Hence, to confirm this hypothesis, the whole brain and hippocampus (HA) were used together as input for the multi-channel network to predict the brain age. The resulting loss change curve is shown in Fig. 9:
Observing the case where the whole brain and hippocampus are used together as input, the minimum MAE is 14.47 years. The result is neither as good as training the model with the whole brain alone (MAE of 4.98 years) nor as good as training the model with the hippocampus alone (MAE of 6.95 years). This validates the hypothesis in this study that in the task of predicting brain age, finer voxel predictions do not necessarily yield better results, and including more features does not guarantee better outcomes. In the presence of redundant features, the results may not be as good as those obtained with individual features.
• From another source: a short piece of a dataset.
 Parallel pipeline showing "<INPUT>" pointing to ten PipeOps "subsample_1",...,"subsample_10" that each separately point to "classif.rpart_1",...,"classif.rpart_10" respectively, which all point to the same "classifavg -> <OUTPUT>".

Therefore, separating the left and right sides of the hippocampus (HA L + R) as input for the multi-channel network, the loss change curves for the three evaluation metrics (MAE, RMSE, MSE) with increasing training epochs are shown in Fig. 10. Combining the results in Table 6, it can be observed that separating the left and right sides of the hippocampus (HA L + R) as input for the dual-channel network does not perform as well as inputting the hippocampus alone. This may be due to both providing the same amount of information, but separating the sides increases the regions with pixel intensity values of 0, resulting in more noise and, therefore, less effective results compared to inputting the hippocampus alone. Trimming off the regions with intensity values of 0 might improve the performance.
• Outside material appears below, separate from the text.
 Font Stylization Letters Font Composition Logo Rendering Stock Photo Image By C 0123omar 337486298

Finally, using the hippocampus and amygdala (HA + AM) as input for the multi-channel network, the loss change curves for the three evaluation metrics (MAE, RMSE, MSE) with increasing training epochs are shown in Fig. 11.
Combining the information from Table 6, it is observed that the minimum MAE when using the hippocampus and amygdala together as input for the multi-channel network is 8.60 years. This is slightly higher than the minimum MAE with the entire brain as input (4.98 years). However, the average MAE improves to 22.12 years compared to 22.40 years for the entire brain, demonstrating that a multi-channel input network can enhance stability in performance by combining different data. Nevertheless, as the input images are of the same size, the double-channel input images contain many more regions with pixel grayscale values of 0, as shown in Fig. 12. In the future, it would be beneficial to crop out the informative regions as input, which may lead to better results.